?Saturdays? (on the photo link: http://afed.org.uk/res/resist156.pdf ) opened the Victory
Day 2010th look like they are happy and relieved! That's what my grandfather fought! ----
At school I was always belligerent child who constantly trumpeted about something (not
much has changed), and from year to year, I had the same thoughts about the Victory Day.
Yesterday I came across an excellent article in the ?Wales Online?, published in 2010,
before the Victory Day, in which ex-military special forces Ben Griffin excellent publicly
criticized the "Poppy Appeal" (an arbitrary transfer, more here: http:
//markgrigorian.livejournal.com/433442.html ) as a political tool. ---- Griffin was the
first soldier in the special forces, who refused to go into battle for political reasons
and left the army in 2005. He questioned the appropriateness of using the Royal British
Legion celebrities (like ?Saturdays? on the photo link), happily frolicking in
makoobraznom confetti, reminding us that war is something more: "The Royal British Legion
would declare that it is modernizing in order to to attract the younger generation. I do
not agree. I believe that their tricks simplify, normalize and disinfect the war. "

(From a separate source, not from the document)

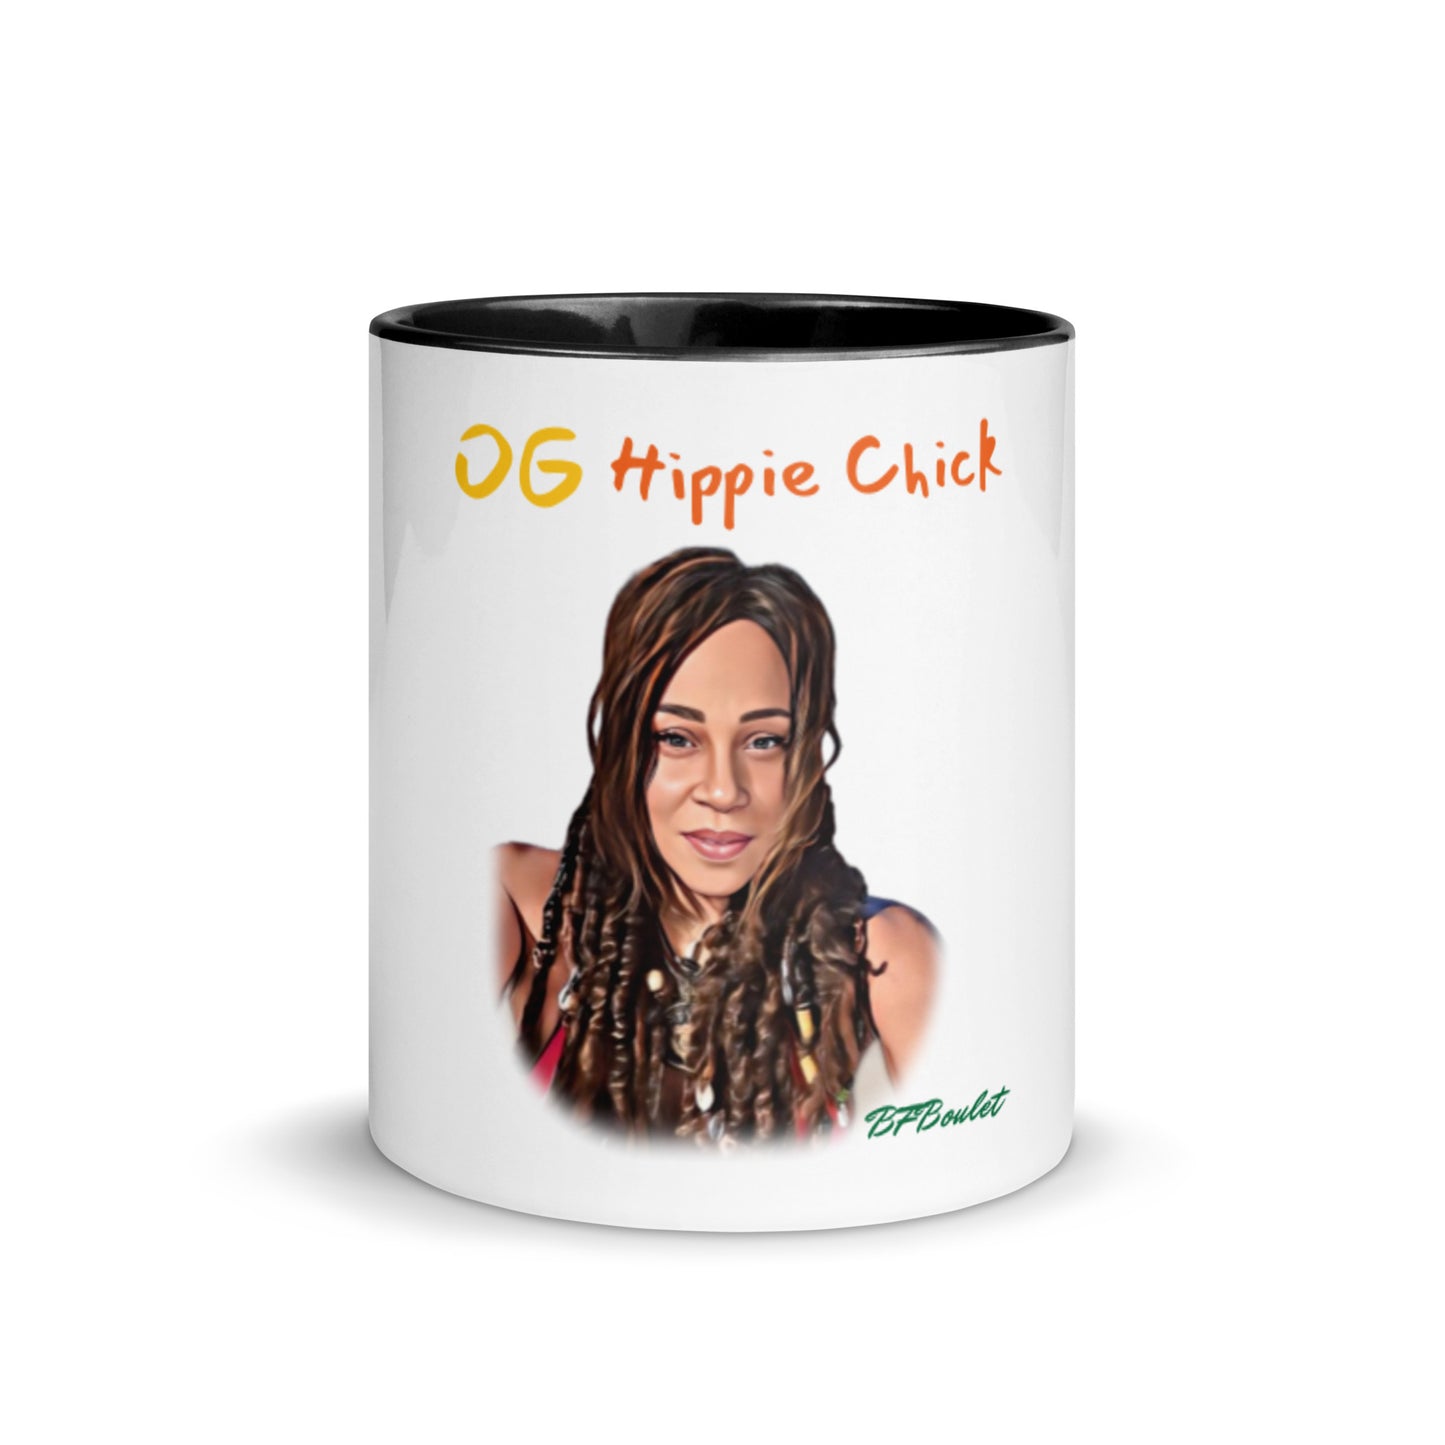 Mug Couleur Blanche - OG Hippie Chick (BFBoulet)

Griffin also points out that the language of the campaign, which calls us to remember our
"heroes" and "support our troops", is an attempt to depoliticize the hoax and not only the
"Victory Day", but, in fact, the war: "The use of the word" hero "glorify war and ignores
the ugly reality. War is not like an episode from the movie with John Wayne. There is
nothing comical that a man blew up a car, there is nothing heroic about shooting from
ambush and there is nothing heroic in the deaths of countless civilians. Calling our
soldiers civilians, we make an attempt to stifle criticism of the war in which we
participate. Which brings us to this very fine line of propaganda: You can not support the
war, but you have to support our heroes, which is tantamount to support for the war. "
"War against a foreign country only happens when the moneyed class believe that they will
benefit from this benefit," George Orwell.

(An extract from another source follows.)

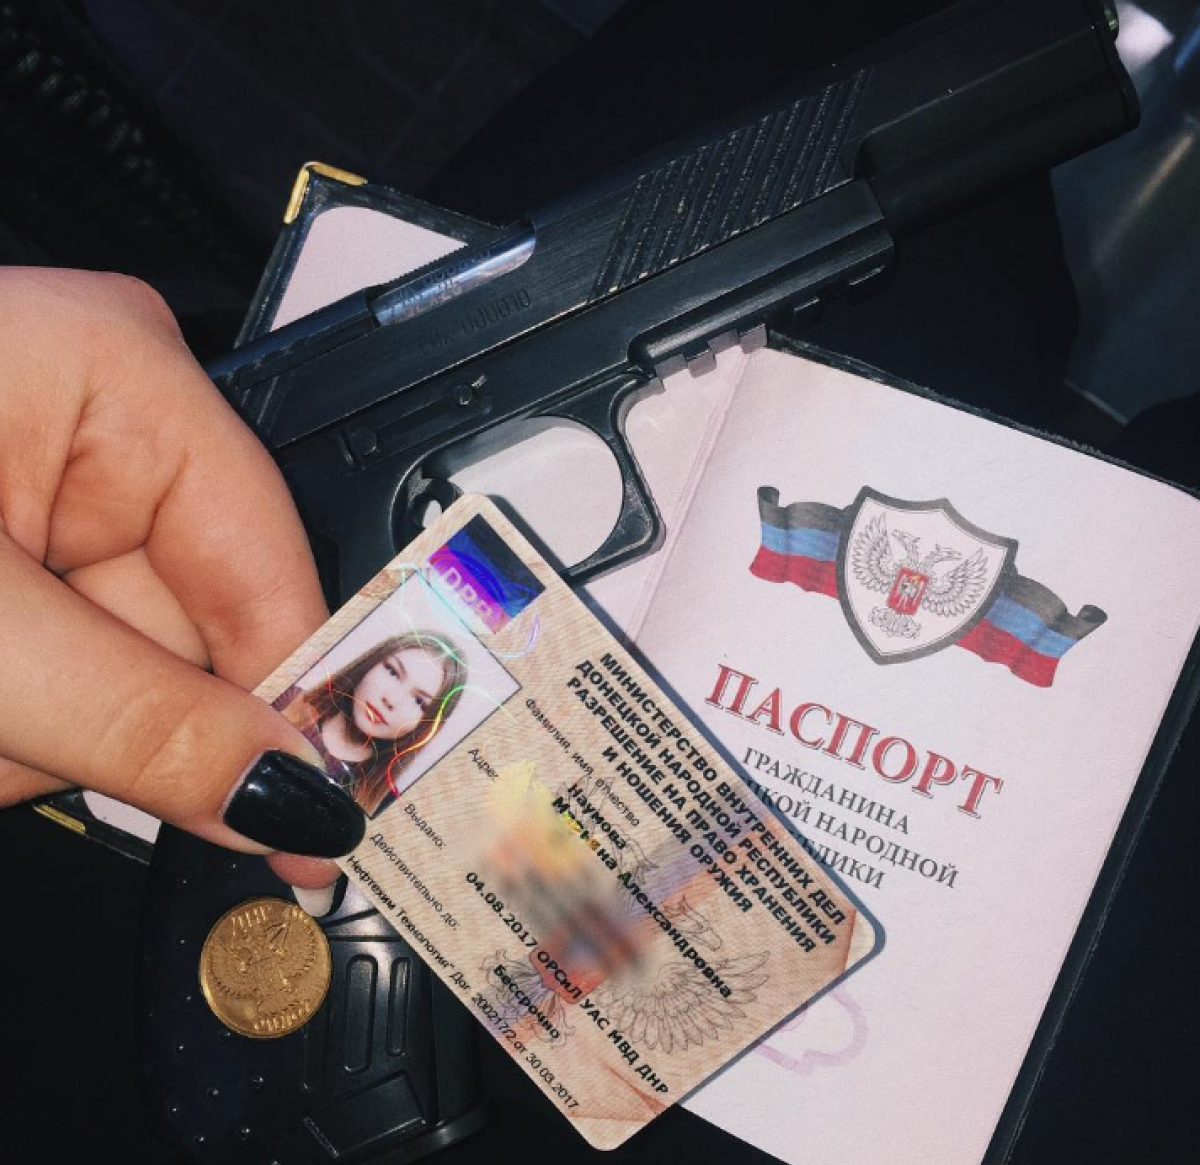 Российская спортсменка Наумова получила «наградное оружие» от «ДНР»

Griffin, of course, is not alone in his criticism of the war from the perspective of a
veteran, and the famous quote Harry Patch was paid a lot of attention in the news feed in
the social networks of people with anti-war beliefs:
"War - it is organized murder, and nothing more." Harry Patch. The last of the surviving
soldiers of the First World War.
But what really struggled, "our heroes"? Noble cause of "freedom" - a slippery category in
which everyone can claim to be something different, as illustrated by the strange
cognitive dissonance that allows EDL (English Defence League) throw Ridge ... while they
at the same time on the Victory Day "give honor "fallen in combat during World War II. For
these and many other reasons, I share the concern about Griffin thin ideology implemented
pervasive poppy seeds (a symbol of remembrance, a day of victory ...), which from the
point of view of the Royal British League claims to "neutrality", but in reality is
anything but it does not . Fortunately, the use and abuse of such political ideals of
humanism, freedom, democracy and the emancipation of women in order to justify the
imperialist military interventions, wrote a selection of my favorite contemporary writers.
In his preface to the "violence" Slavoj Zizek criticizes sense of "humanitarian urgency,"
which is so often used as a showcase that would justify war. In the end, if we are
fighting a war for freedom of human rights, democracy and all those great things, how can
you be against the war? How can you be against democracy, against freedom? Even Bush and
Blair supported "democracy" in the end.
Nina Power in ?One-Dimensional Woman?, draws attention to the growing co-optation of
feminism in favor of military intervention, particularly in relation to the recent
conflicts in the Middle East. On the disgusting treatment of Taliban women was cited
numerous times as a good reason why we should go to war with Afghanistan, and have to go
NOW. How can you be against the war with Afghanistan, if the world is to support
Afghanistan's brutal regime, squirted acid in the face of potential schoolgirls? Power
rightly notes that the war has become an even greater obstacle to the existence of Afghan
feminists now labeled as agents of the occupants, not to mention the absurdity of the
right, suddenly clinging to the rights of women as for his battle cry and cause the
judges, at the same time occupying women at home by removing the necessary measures to
protect them from domestic violence, ensuring health and access to abortion.
There are many other convincing arguments against the Victory Day and what it represents -
a seemingly apolitical use of kitsch nationalism to weaken any critical reflection or
dissent; the absurdity of the "Memory of War" at the time, as we continue to numerous
military campaigns and take over the world; the hypocrisy of a government that can afford
to send troops to war, but leaves their social security when they return to the care of
the charity.
All things considered, I'm still not going to buy a poppy this year.